Amazingly, Justice Holmes’s original draft of the opinion contained worse language. He later wrote to Harold Laski that he was “amused” that his fellow justices suggested rhetorical changes when he “purposely used short and rather brutal words… that made them mad.” Nevertheless, despite his desire to use crueler language, Justice Holmes was satisfied with himself, once telling a friend, “One decision that I wrote gave me pleasure, establishing the constitutionality of a law permitting the sterilization of imbeciles.”
It has continually fascinated me that Buck v. Bell seems to be rarely found on the short list of worst Supreme Court decisions. Dred Scott, Plessy v. Ferguson, and Korematsu (the case upholding the internment of Japanese-Americans during WWII) are nearly household terms used to describe the height of Supreme Court folly. But if Buck is among the rogue’s gallery of Supreme Court opinions, it certainly isn’t higher than Lochner v. New York.
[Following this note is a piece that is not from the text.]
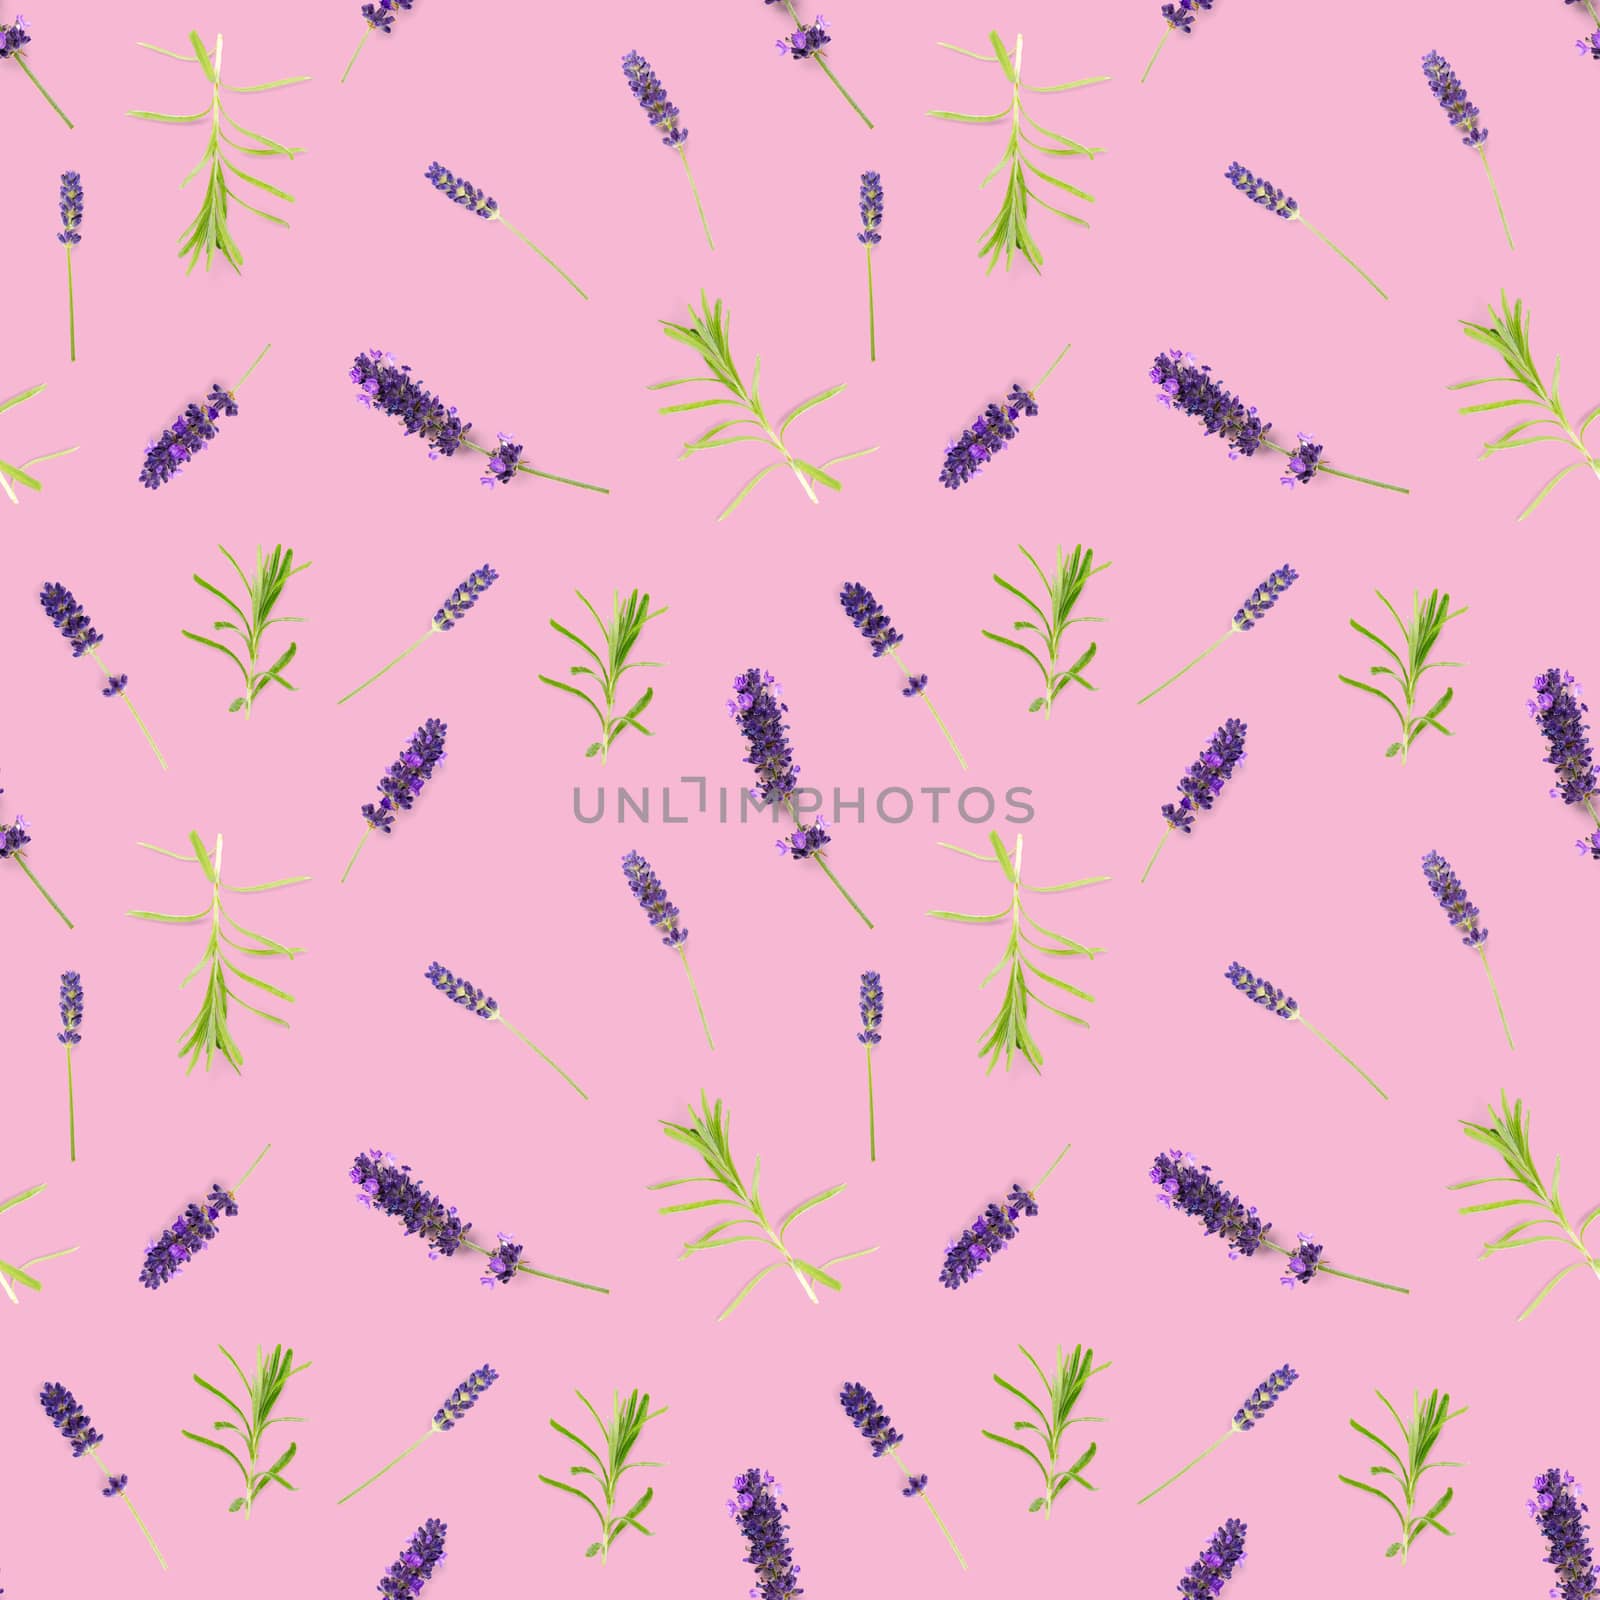 seamless pattern made from lavender flowers isolated on pink. fresh lavendel blossoms background. floral pattern.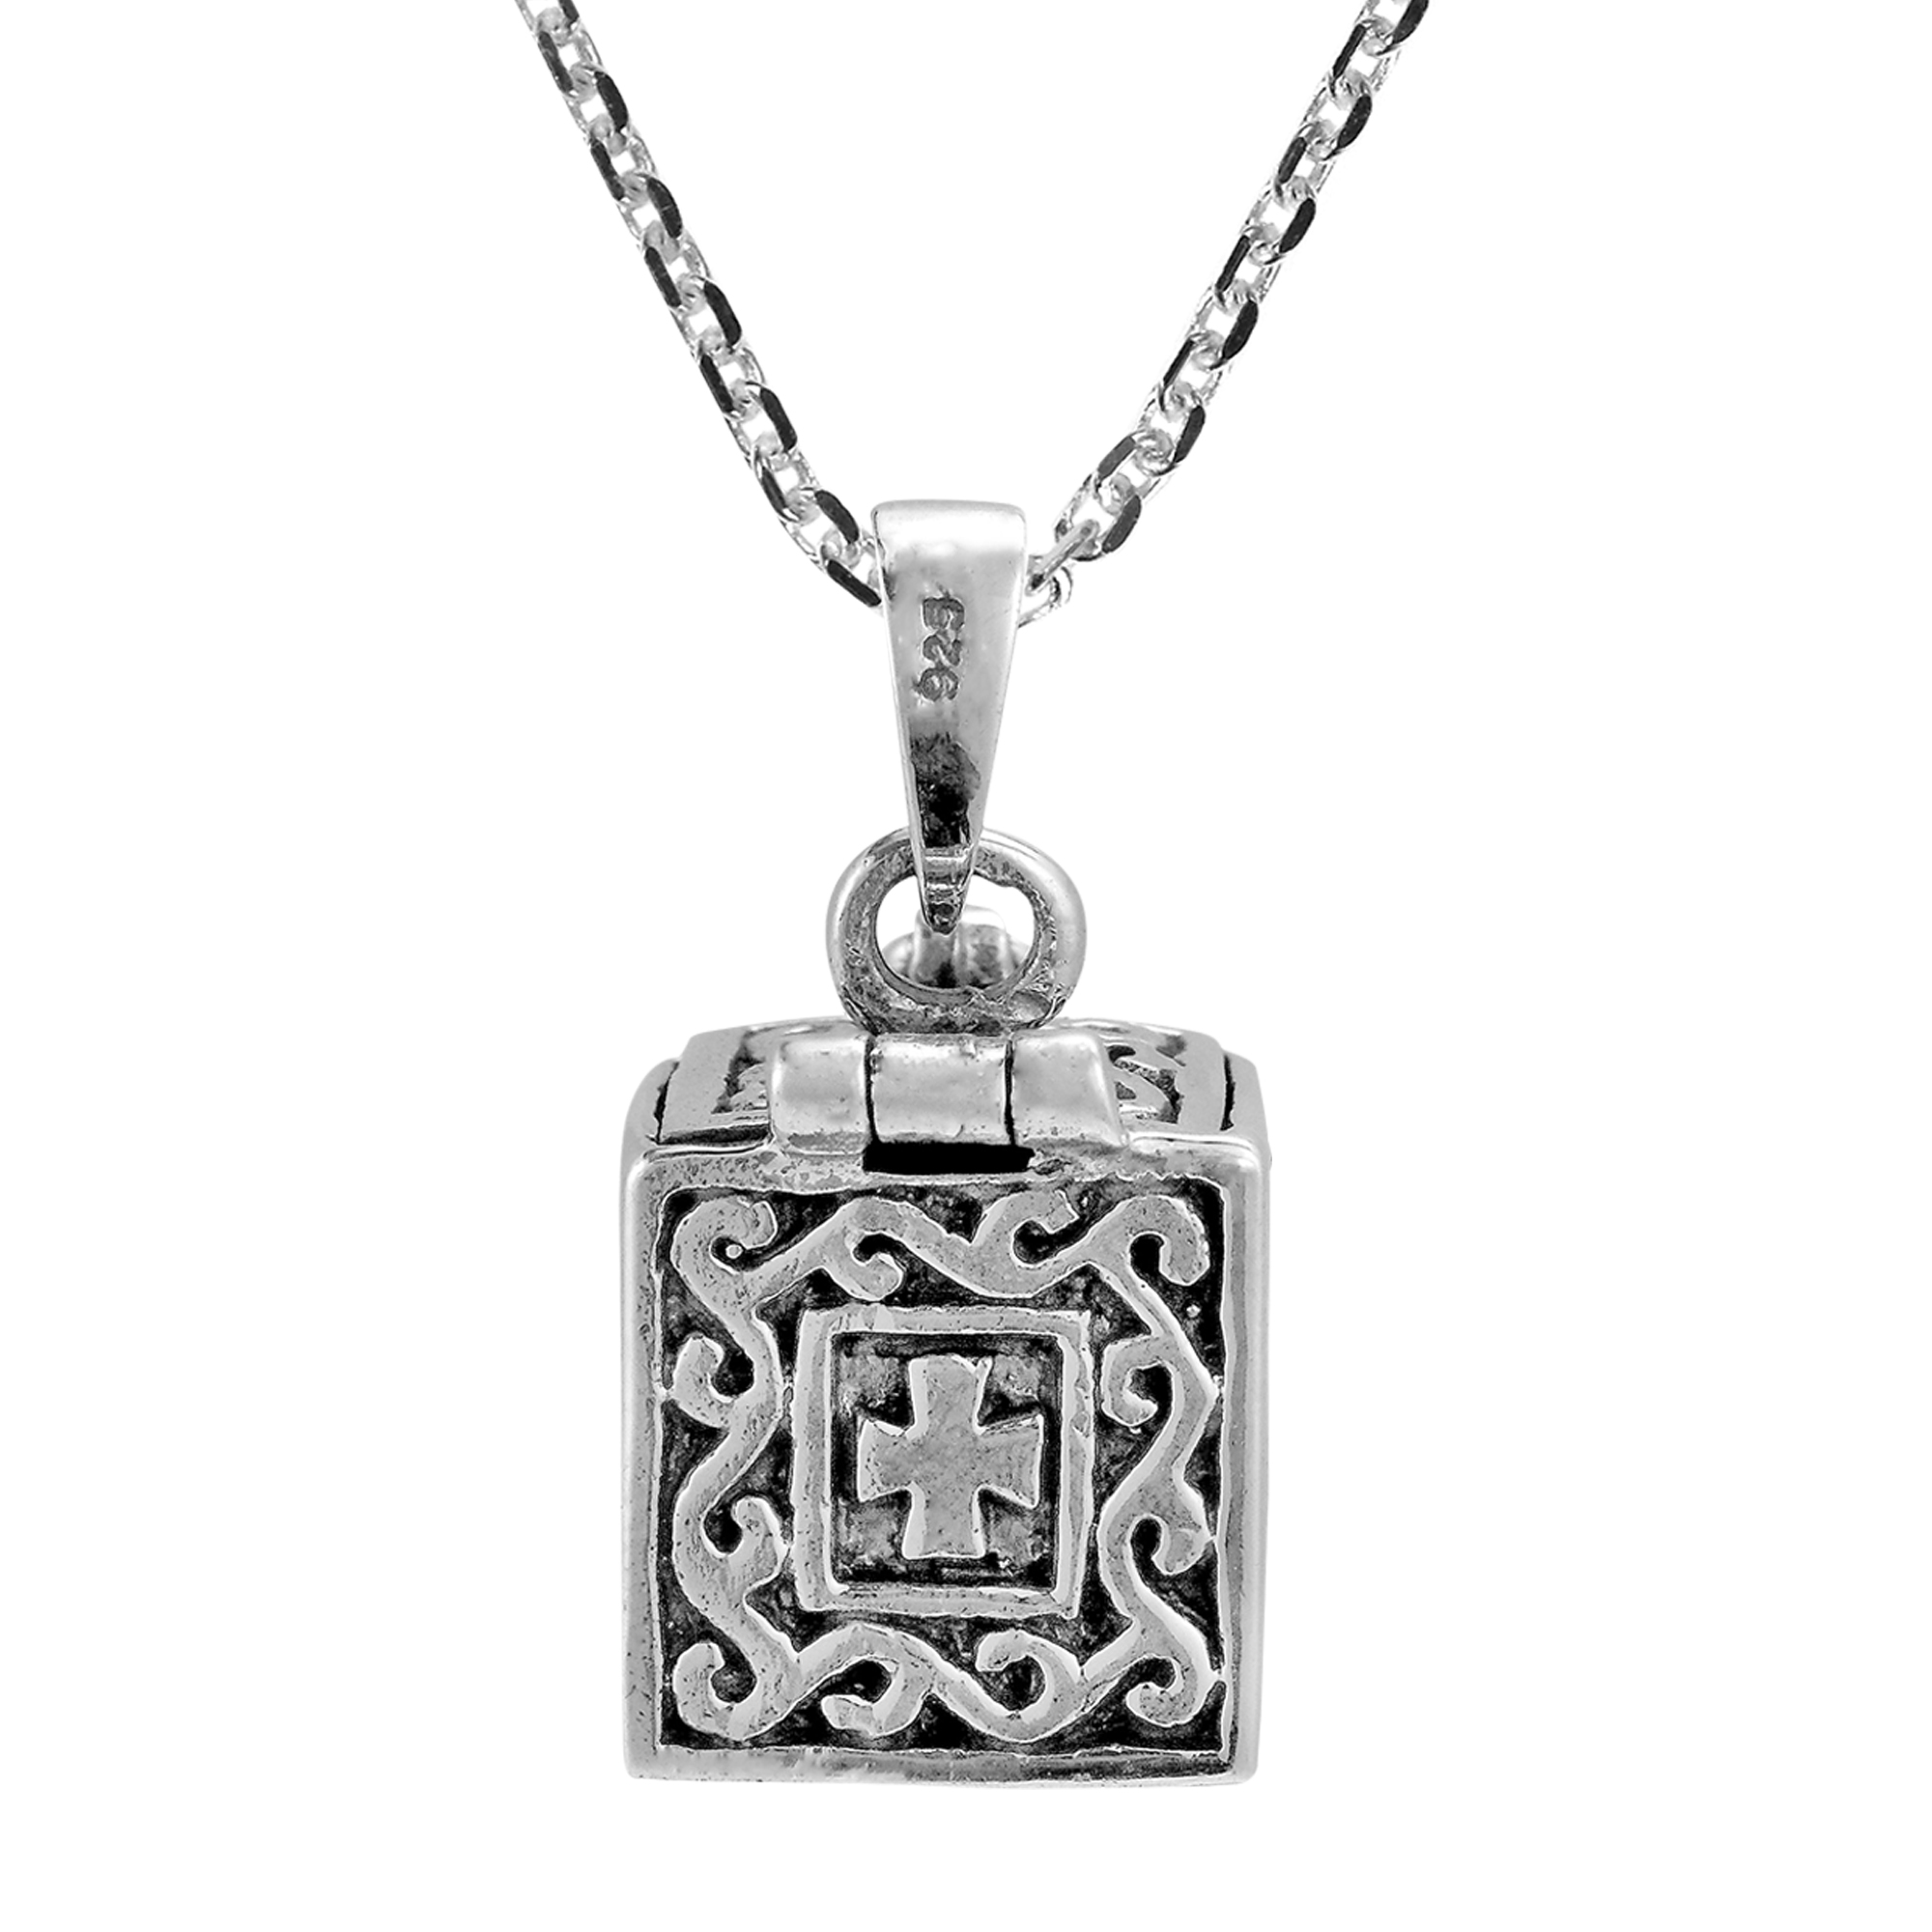 Inspirational Faith and Hope Prayer Box .925 Sterling Silver Necklace

The term most often used to describe Supreme Court error is to “Lochnerize.”
That prioritization fits my experience of law school in the early '80s.
The explanation is that Lochner was a "conservative" decision by "conservative" judges, which actually served libertarian interests by limiting the power of the government to interfere with the economy. So, it had to be attacked root and branch on an ideological level. Buck was written by a favorite of the progressives - and actually was part of the same progressive/liberal/elitist ideology that came to dominate jurisprudence in a later generation. So, it had to be explained as a sad anomaly on the part of a great justice.
But Buck wasn't an anomaly. Anyone who read histories or contemporary accounts written at the time that eugenics and forced sterilization were considered by the academic class and other elites as entirely unremarkable. Holmes was simply following the conventional wisdom of his class.